What is expected: Leaving out all pictures, write down exactly the lines from the one containing "Grindmaster manual Features, Front" through the last line of the material.

Data shown:
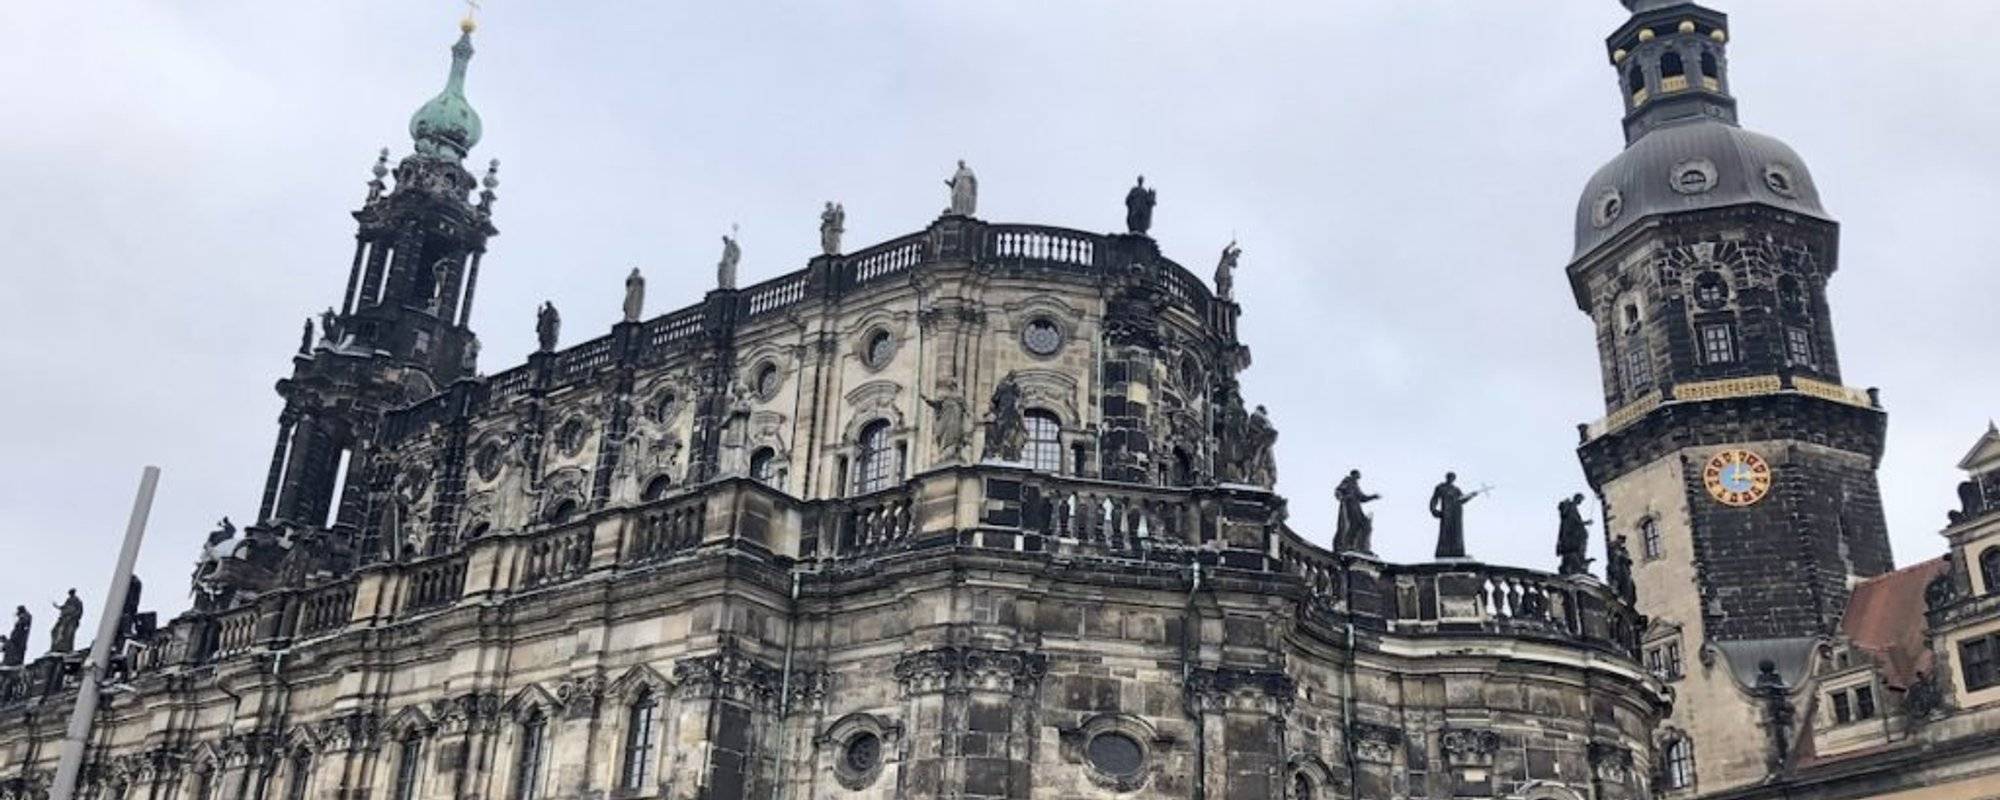 Dresden Old Town - Cathedral of the Holy Trinity & Fürstenzug
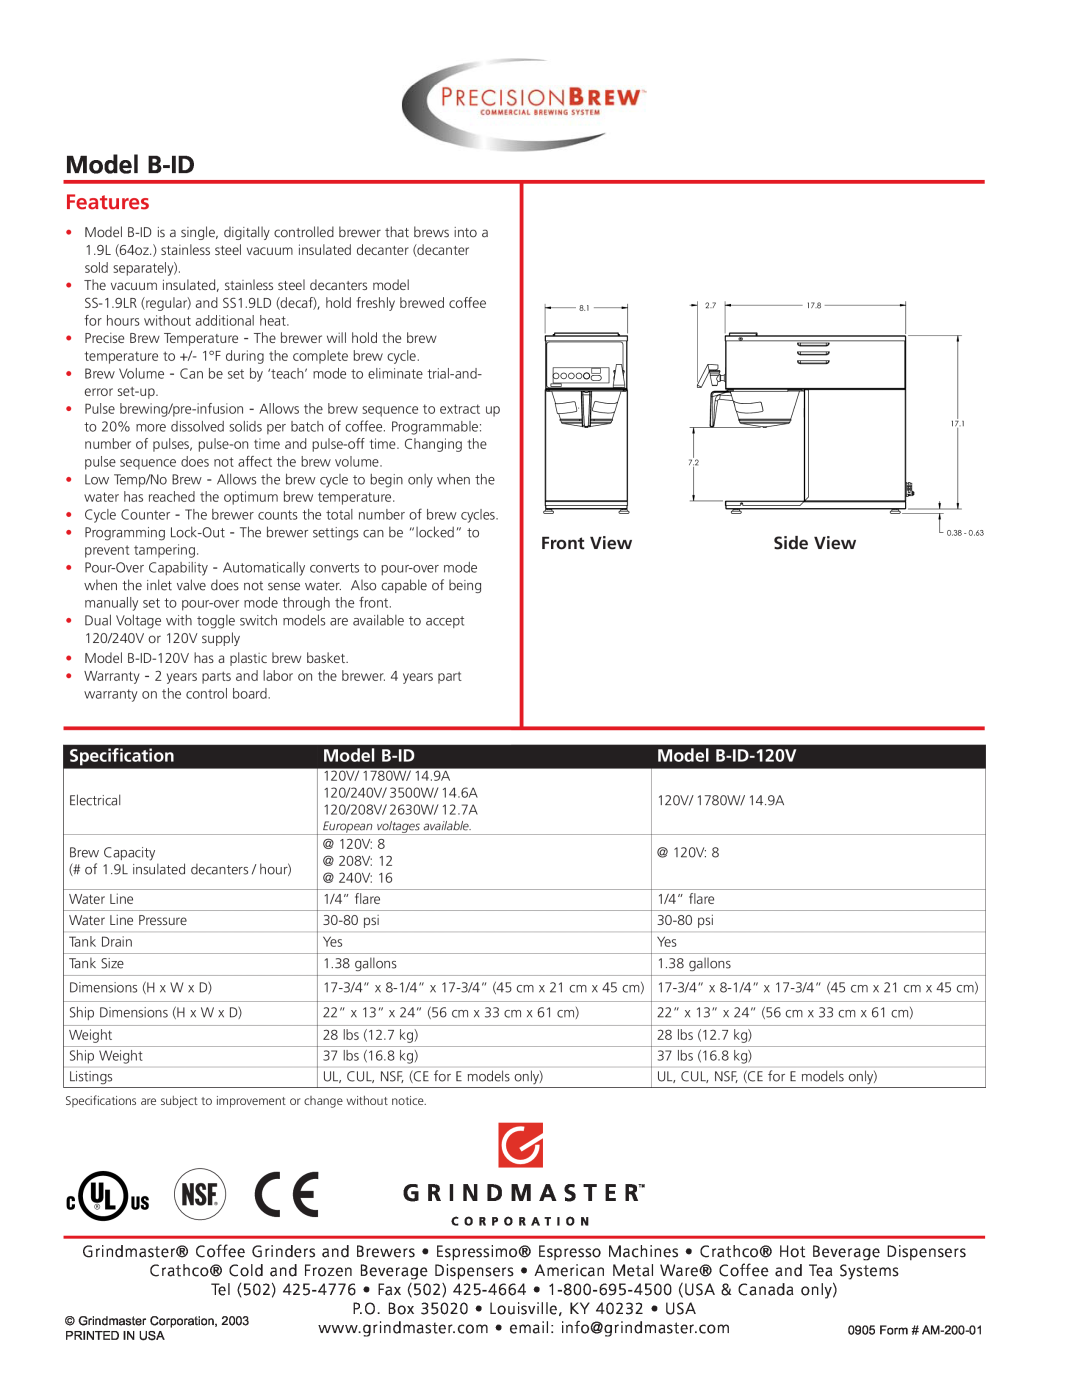 Grindmaster manual Features, Front View, Specification, Model B-ID-120V, Side View 
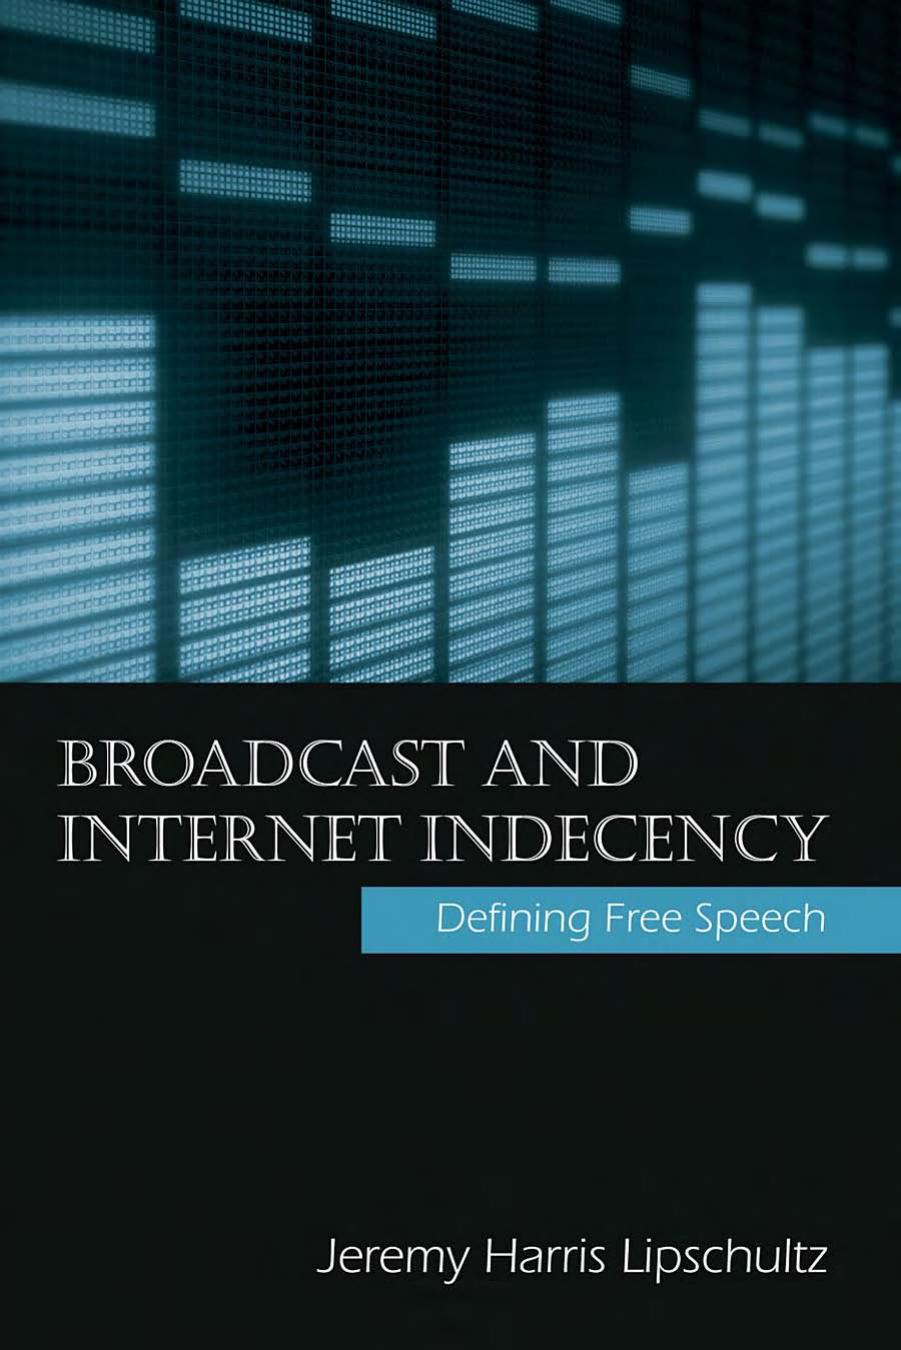 Broadcast and Internet Indecency: Defining Free Speech

Result of the exercise:
 Grindmaster manual Features, Front View, Specification, Model B-ID-120V, Side View 
 Broadcast and Internet Indecency: Defining Free Speech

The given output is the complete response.